Pontifications on Poison
Being some ramblings on events associated with poisonous plants.
Monday 11th July 2011
According to the cliché, ‘the truth is stranger than fiction’ and, in the seven years that I’ve been reading exclusively non-fiction, I’ve read some very strange stuff by way of folklore about poisonous plants and claims about the effects of poisons that don’t stand up to scrutiny.
But, recently, I’ve returned to reading fiction after a conscious decision to make more time in the day for leisure reading. But, it seems, I can’t completely separate reading for fun from my business and a line in the book I’m currently reading started a train of thought that is still incomplete.
There was a time when we used to buy the latest Terry Pratchett book as soon as it was published but we’d fallen a few years behind so I decided to catch up. I’m not a slavish devotee of Pratchett’s work. I think the earlier Discworld books are, generally, better because he seems to have come to believe his own publicity that his writing is relevant to modern society. For me, that means some books work too hard to crowbar in contemporary issues. But, a less good Terry Pratchett novel is still a far better read than any of the books from many ‘successful’ novelists.

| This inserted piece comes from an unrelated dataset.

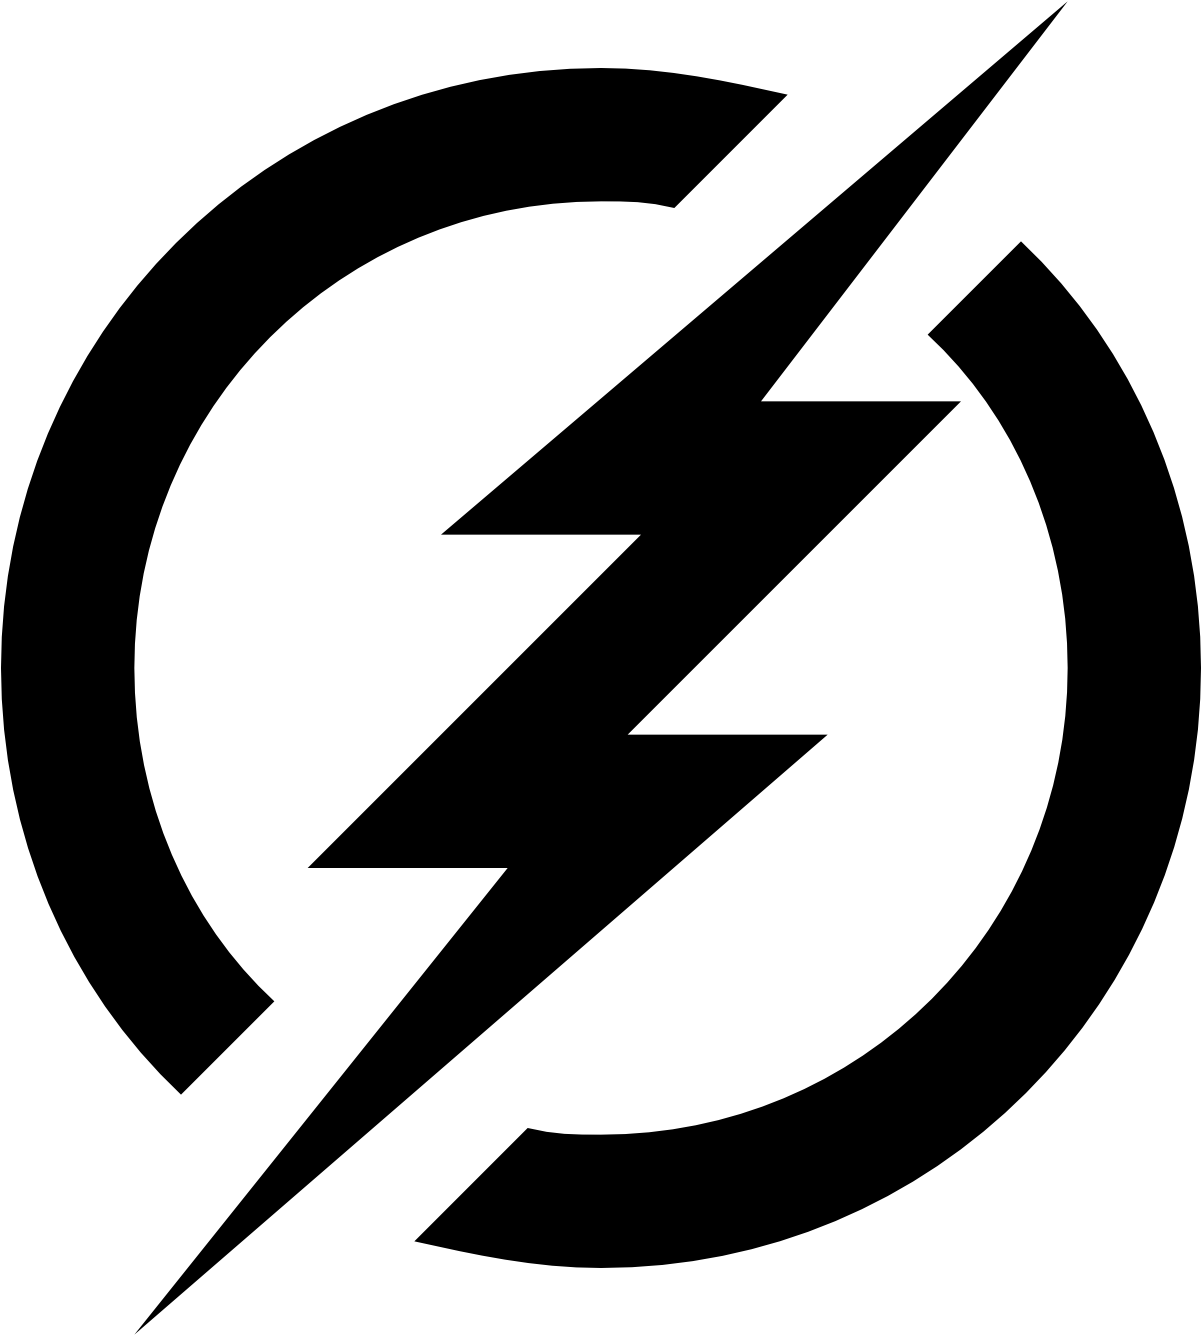 The Flash Sign Icon - Flash Icon (1600x1600)

In catching up, I’m actually finding I’m enjoying the books aimed at younger readers more and it was reading ‘Wintersmith’ that sparked this blog entry. I won’t attempt to summarise the plot but it heavily features witches and one line struck me as very true; ‘A witch was just someone who knew a bit more than you did.’

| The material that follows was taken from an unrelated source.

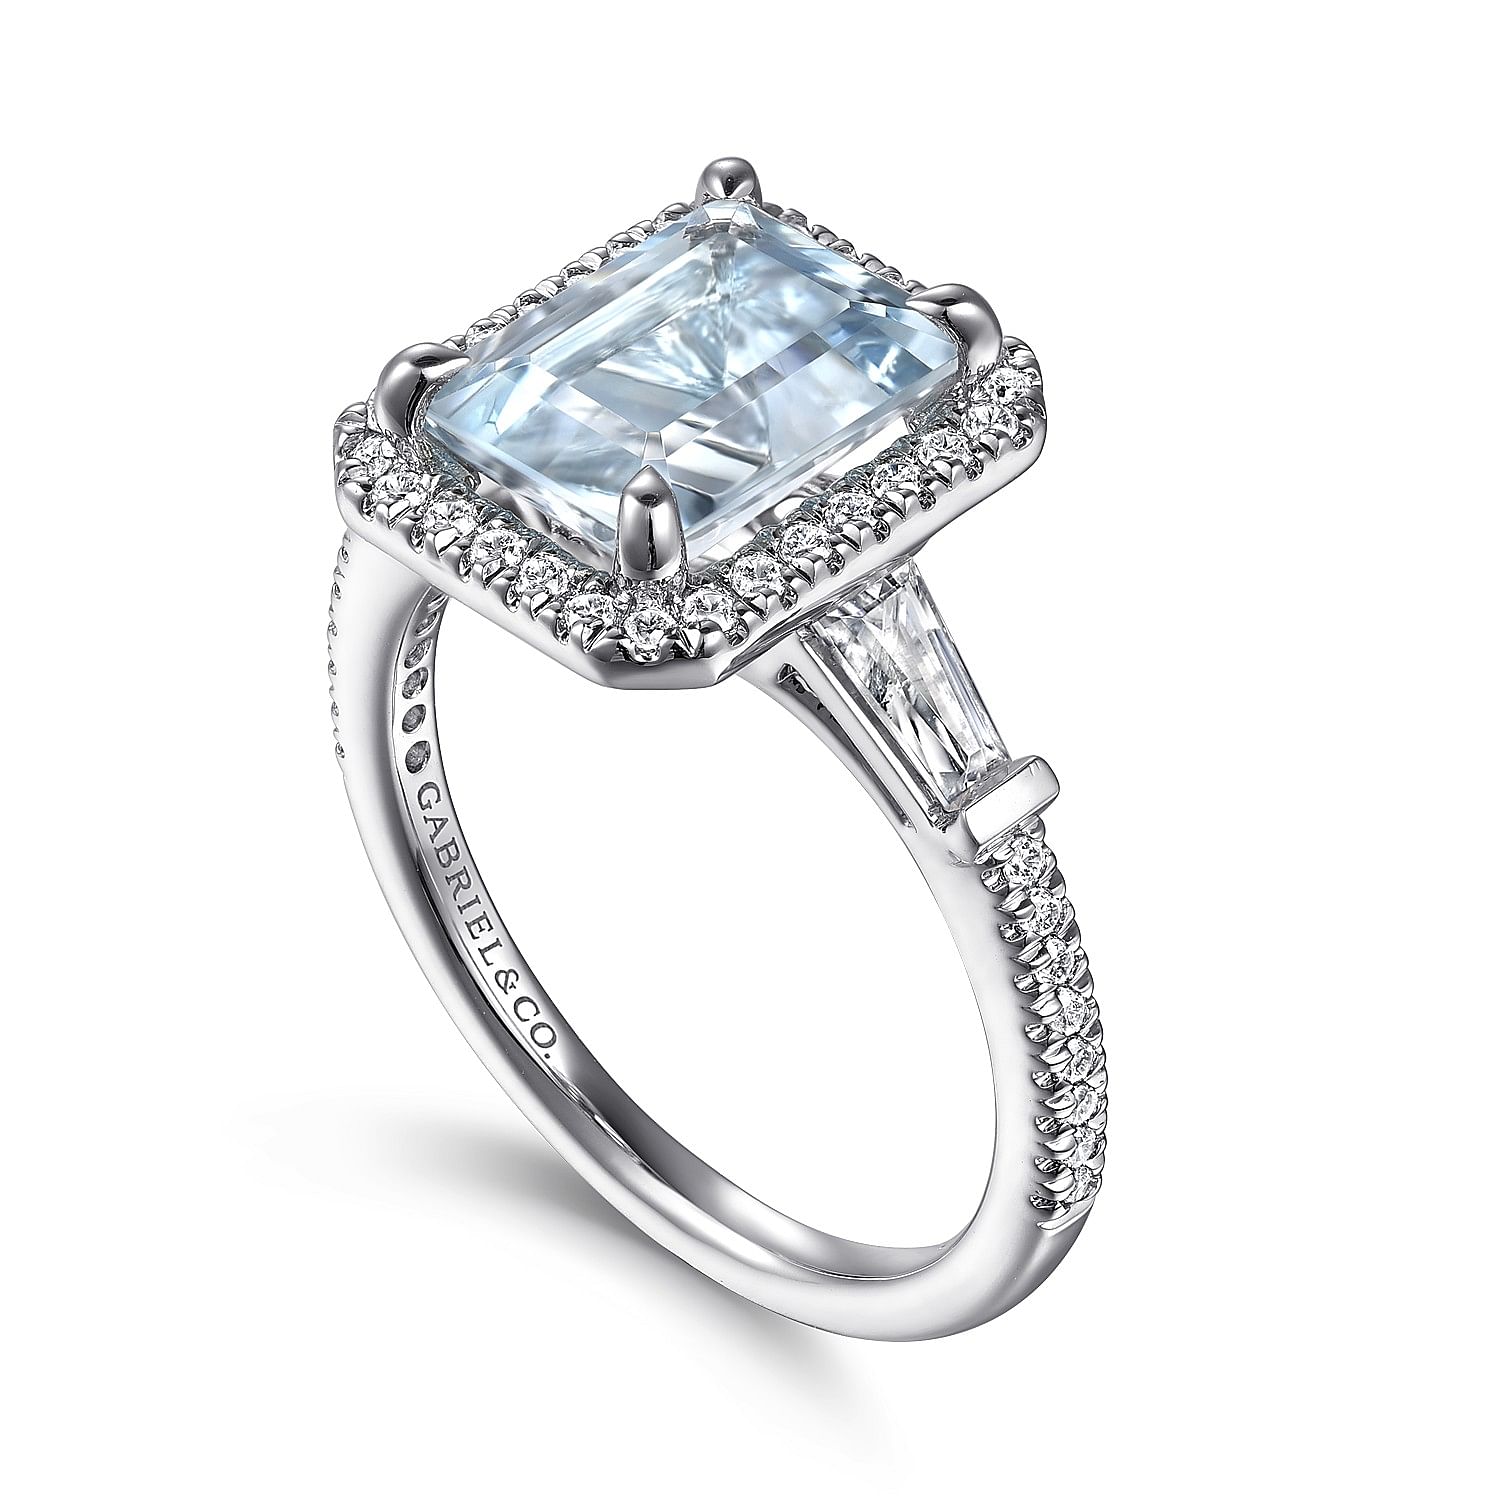 14K White Gold Emerald Three Stone Halo Aquamarine and Diamond Channel Set Engagement Ring

Hyoscyamus niger, black henbane
You can’t have an interest in plant folklore without coming across witches and the many ways they are involved in our approach to poisonous plants. I should say that I don’t for one moment believe in the existence of witches, although I have met a few. That’s not just a way of insulting some of the women I’ve encountered, which is how many people use the word these days. I mean that, during my time at Alnwick Garden, I met a number of people who professed themselves to be witches and although I knew they couldn’t be I didn’t argue with them because what they were was paying customers.
There are many ways that witches enter the stories of poisonous plants. Whether it is their use of hallucinogenics, like Hyoscyamus niger, black henbane, to create the feeling of flying or the various plants that can be used to keep them from entering the house. Most English people know about Ilex aquifolium, holly, and, in Scotland, the same job is performed by Sorbus aucuparia, the rowan or mountain ash. Fewer are aware, these days, that Buxus sempervirens, box, has the same role.

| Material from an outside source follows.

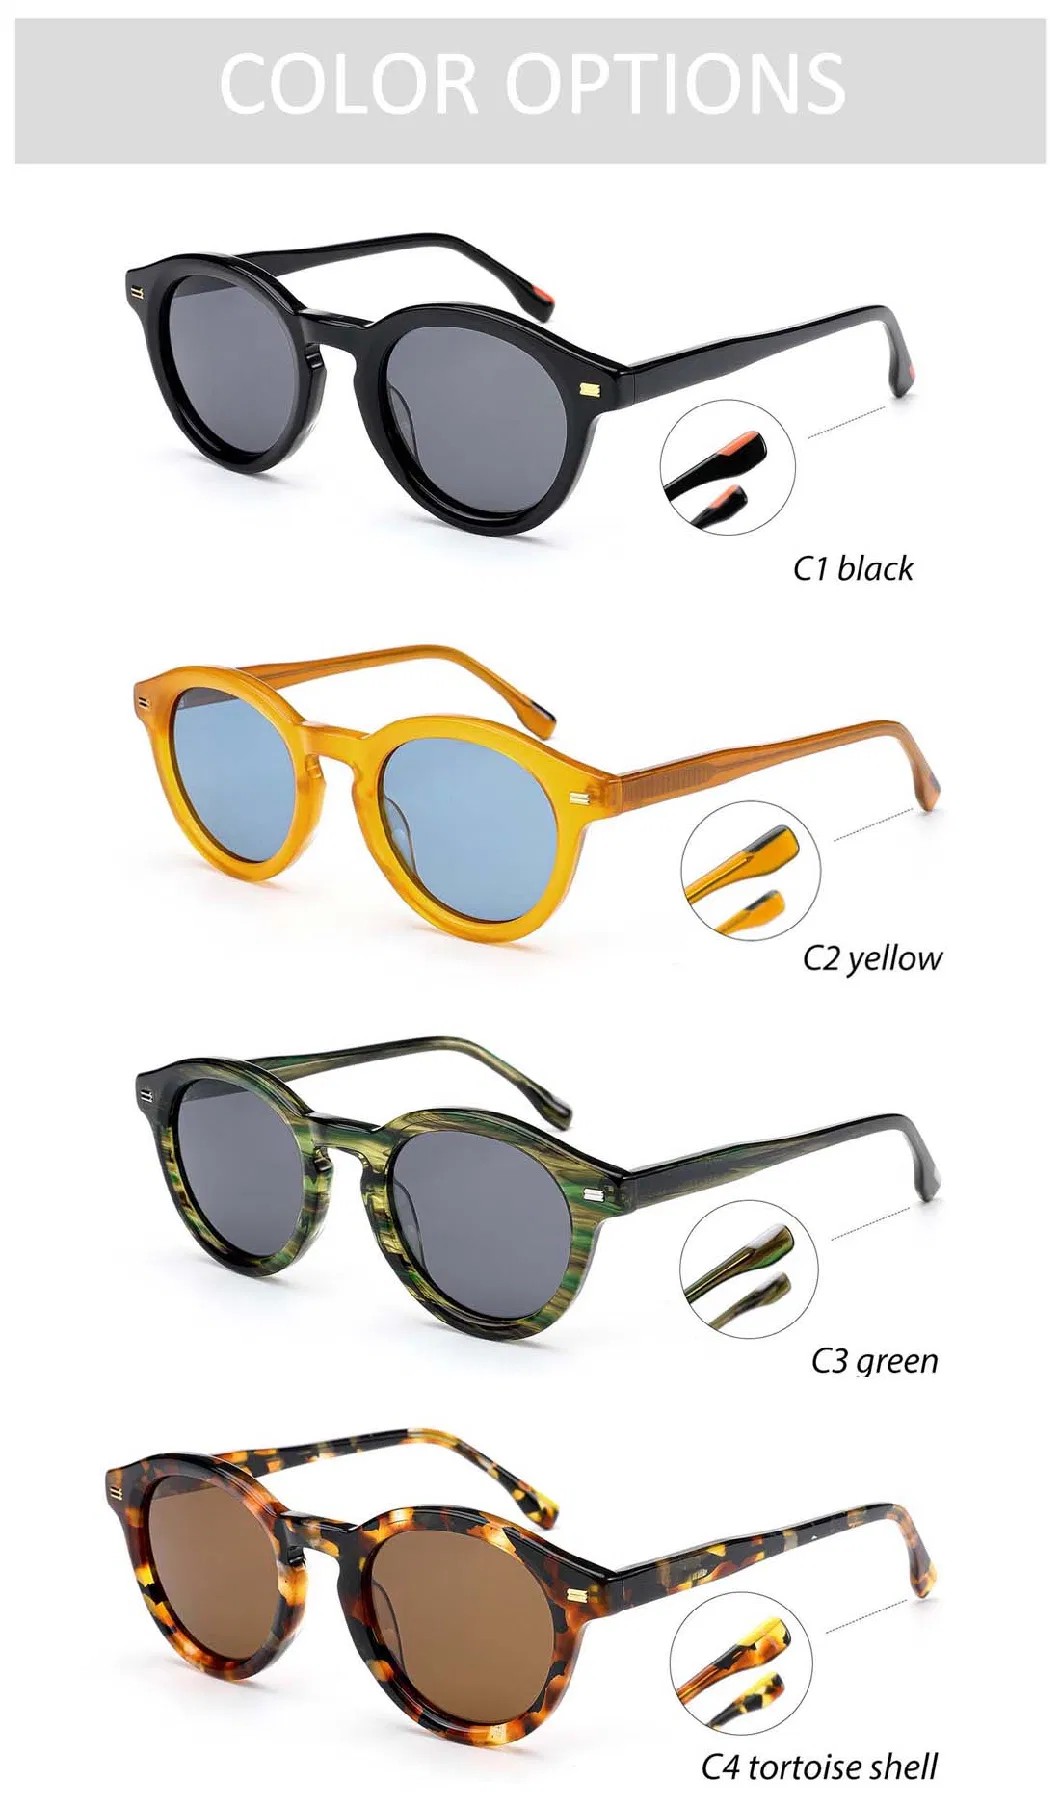 Gd Factory Hot Sale Sunglasses Small Round Fashion Sunglasses Men Women Acetate Sunglass Tac Lens Popular Sun Glasses

I’m not sure why holly and rowan have that reputation but I do know the background to the power of Buxus. The story goes that witches are compelled to count the leaves of a box bush and so, having one growing close to the door means that a witch will get her attention diverted from entering the house.
Ilex aquifolium, holly
Anyone who knows the plant will know that it has a very compact habit and very small leaves. I augment the basic folklore by saying that witches rely on knowledge to give them their power over people. (See, that’s the Terry Pratchett connection.) This means that a witch can tell you every detail of every plant; every branch, every stem, every flower, every leaf. Except for the box, where the complexity of its structure and the sheer number of its leaves means that a witch will always lose her place as she tries to catalogue it completely and have to start all over again.
Actually, that wasn’t the Terry Pratchett connection I had in mind when I started writing this. I was thinking more about the difference between a wise woman and a witch and the importance of that distinction in modern heart medication. In 1774, when Dr. William Withering began investigating the use of Digitalis plants, foxgloves, to treat dropsy, he was partly interested because of stories that the wise women in a village in Shropshire were using the plant effectively.
Buxus sempervirens, common box
That gives me a simple distinction between a ‘wise woman’ and a ‘witch’. If the herbal remedies provided to the rest of the village proved efficacious then she was the wise old woman. If they were either ineffective or actively harmful she very quickly became the old witch.
There are a lot of stories about witches and, I’m sure, I’ll return to them in future but I want to finish by thinking about the overlaps between witches and fairies. Especially in the Highlands and Islands of Scotland, it is said that witches use the Senecio jacobaea, ragwort, rather than broomsticks, to fly around on. At least, this has been said since the 16th century. Prior to that it was fairies who used ragwort for this purpose.
The overlap between fairies and witches also happens with the holly. Though, as mentioned before, holly, in England, should be planted close to the door to keep witches away, in Ireland, holly is the home of the fairies and should be kept in a quiet part of the garden to avoid disturbing them.
It is only since I started writing this that I’ve realised that I don’t know how it comes that folklore attributed to fairies became ascribed to witches somewhere in the 16th century. It also makes me wonder if this change from supernatural icons that were essentially good to those innately evil in some way reflects a general change in the nature of the British, perhaps, even being part of why we always seem to want to see the worst in situations rather than the best.
I don’t know if I’ll be able to find an answer but, it seems, more non-fiction reading is required.